_DIRECTIONS_: Each line below is to be copied exactly; images do not go into the copy.

_RECORDED DATA_:
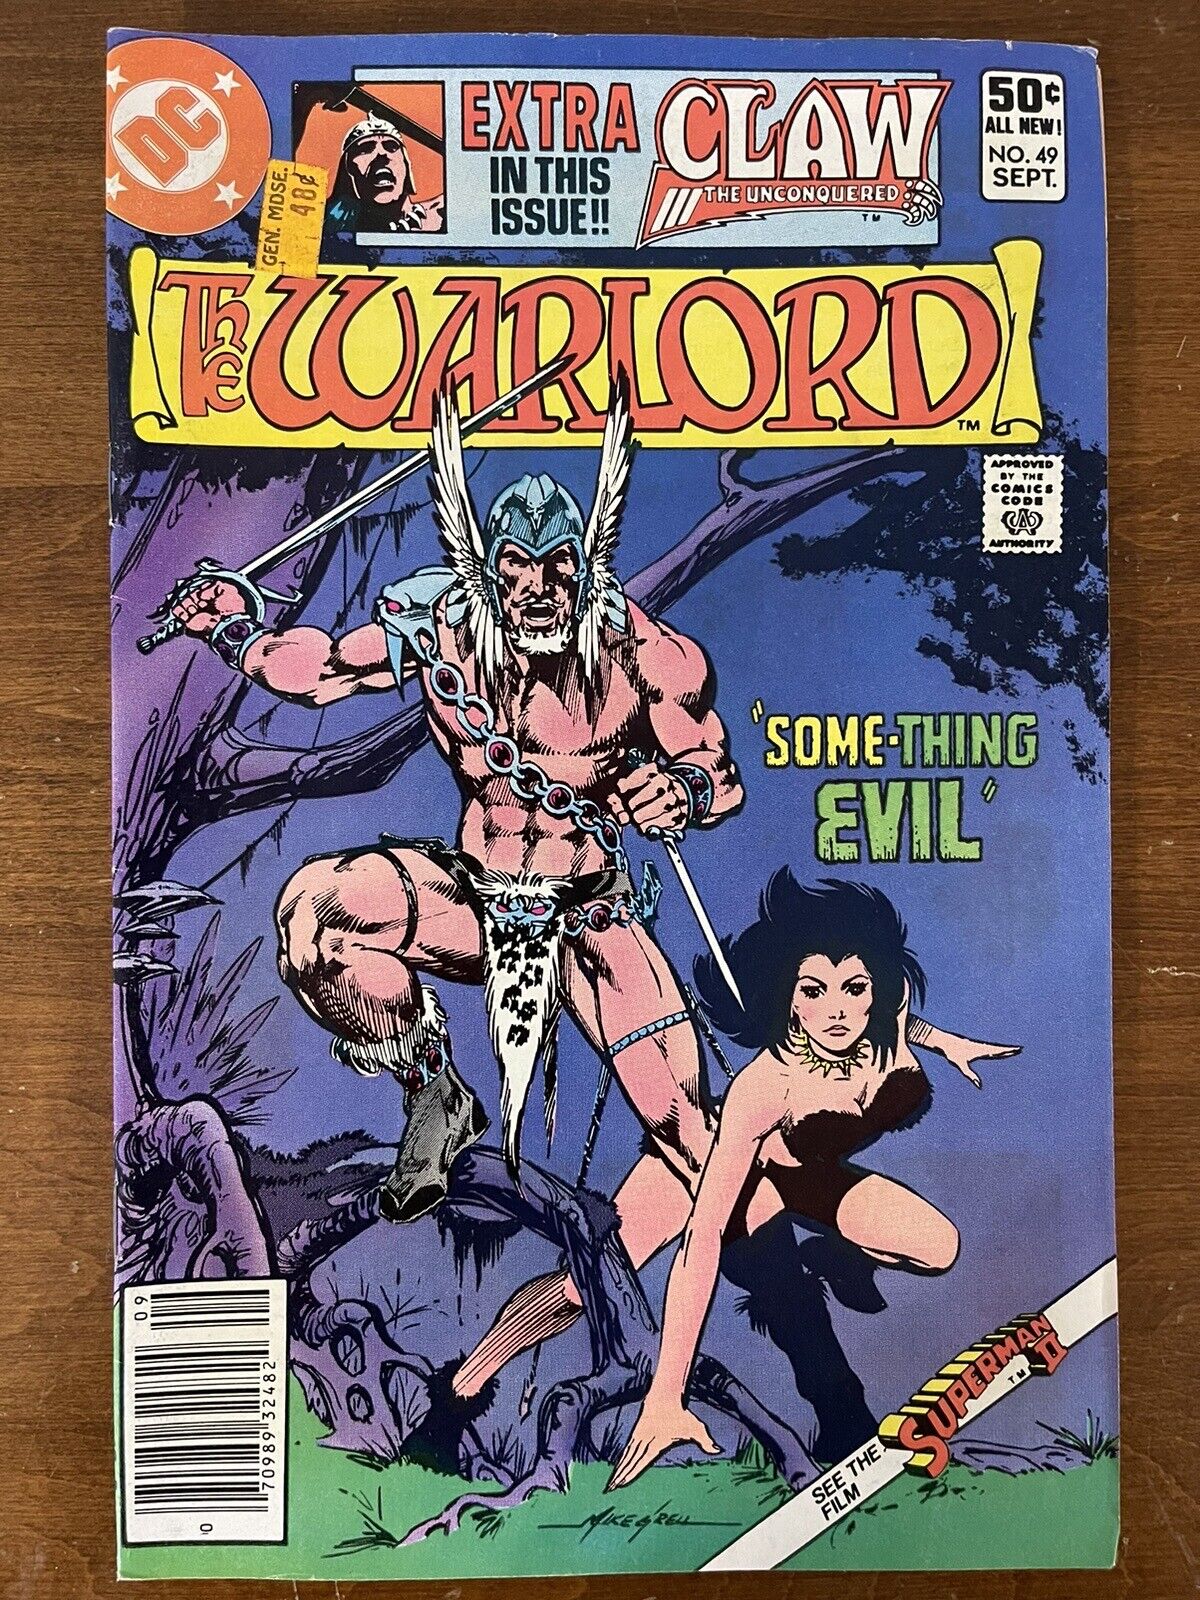 The Warlord #49 Something Evil (1981) DC Comics
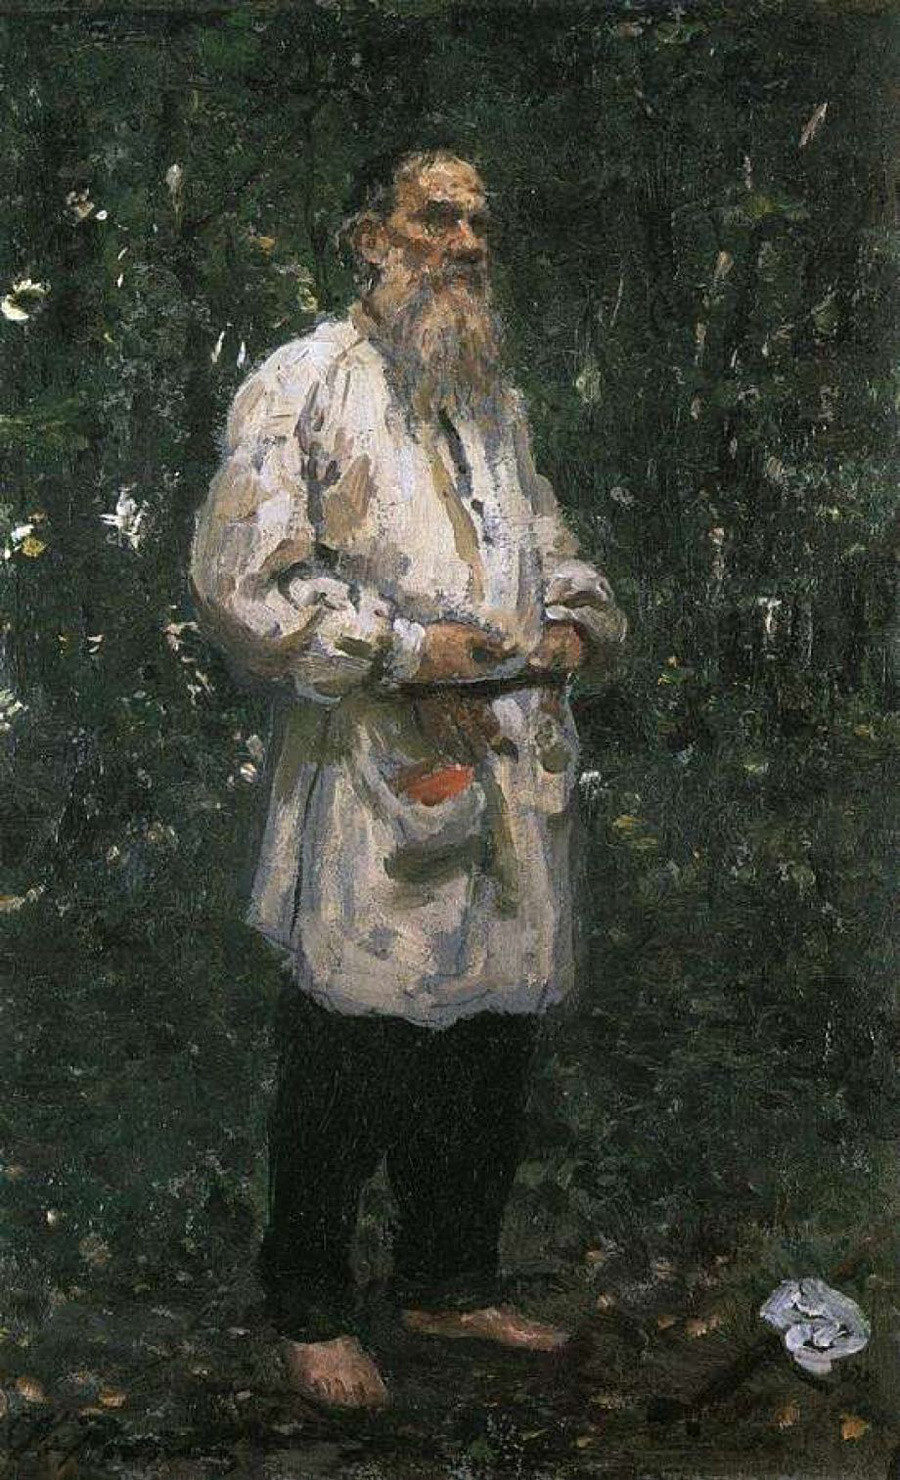 Leo Tolstoy Barefoot. Study for a portrait of the same title, 1891
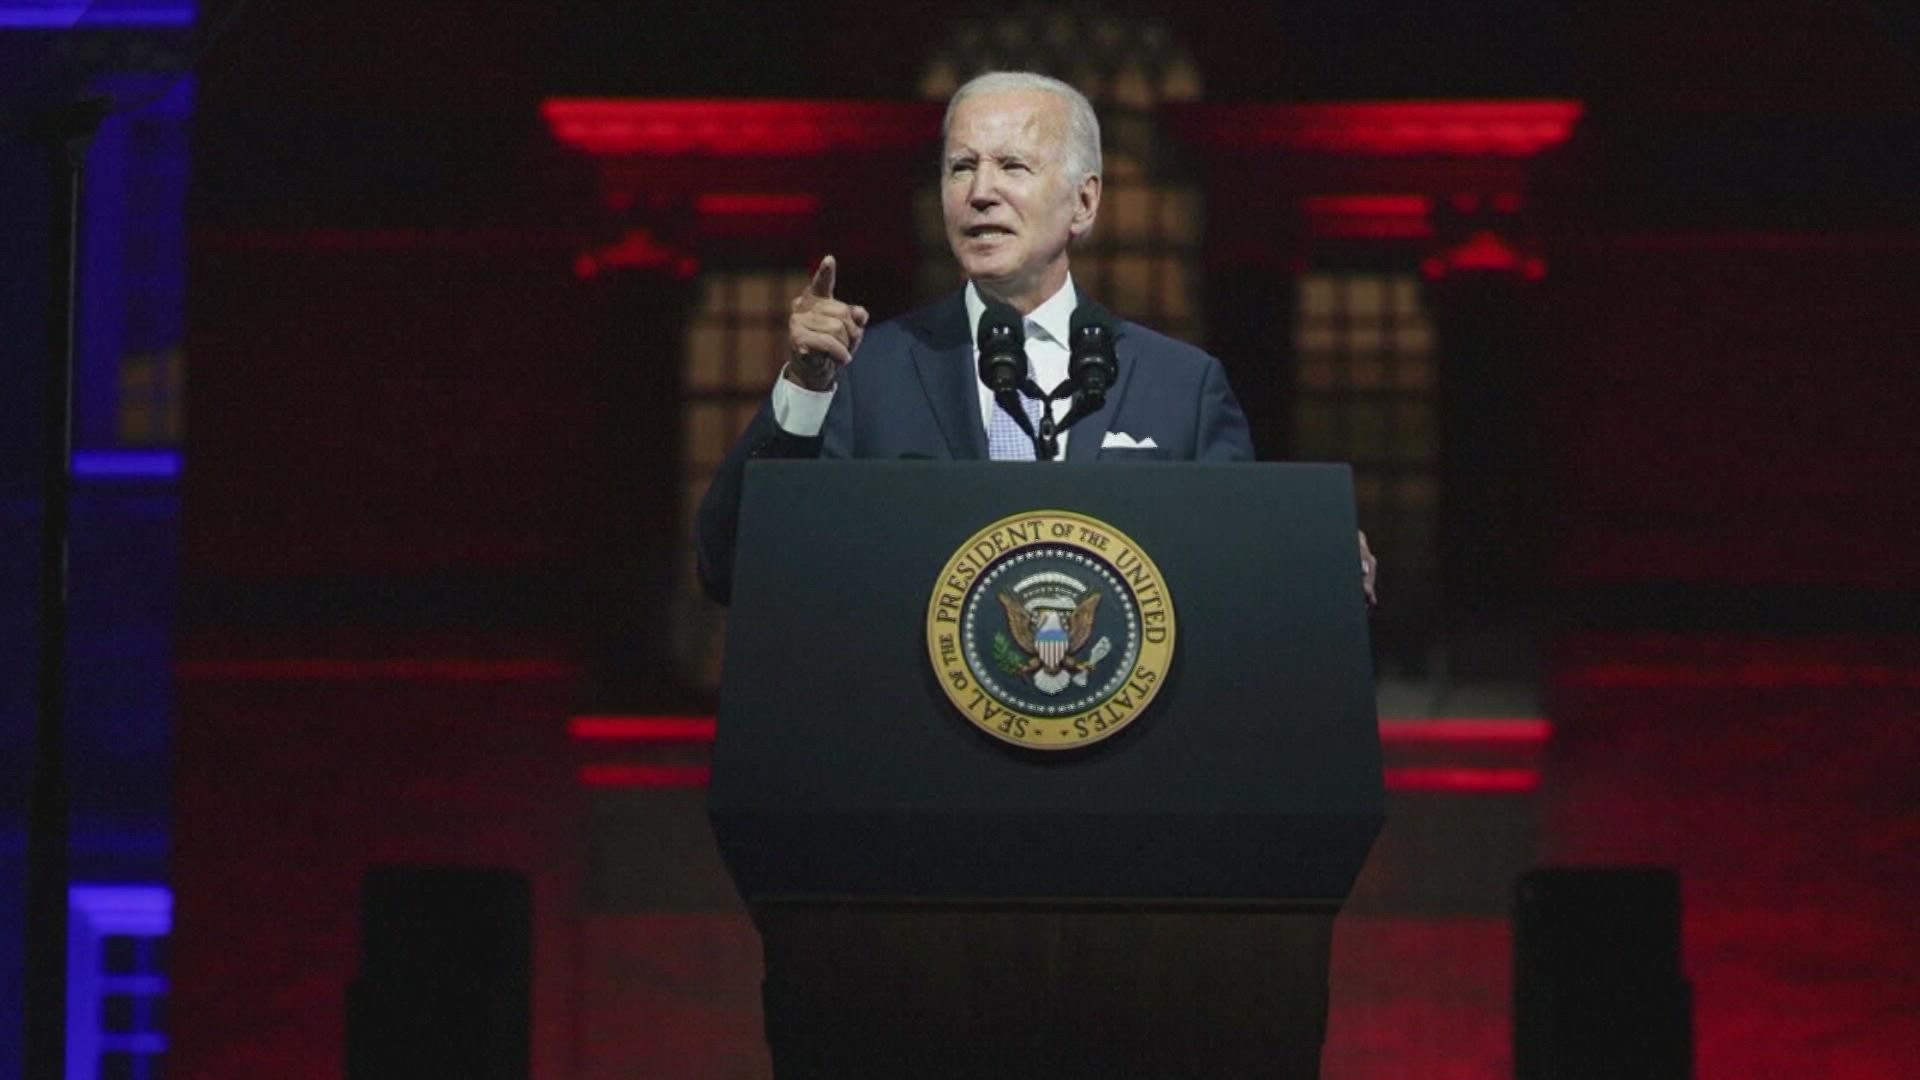 Biden made a third trip to the Keystone state in less than a week - most recently in Philadelphia delivering a stinging rebuke of so-called "Maga Republicans."

_ANSWER TO THIS EXERCISE_:
 The Warlord #49 Something Evil (1981) DC Comics
 Leo Tolstoy Barefoot. Study for a portrait of the same title, 1891
 Biden made a third trip to the Keystone state in less than a week - most recently in Philadelphia delivering a stinging rebuke of so-called "Maga Republicans."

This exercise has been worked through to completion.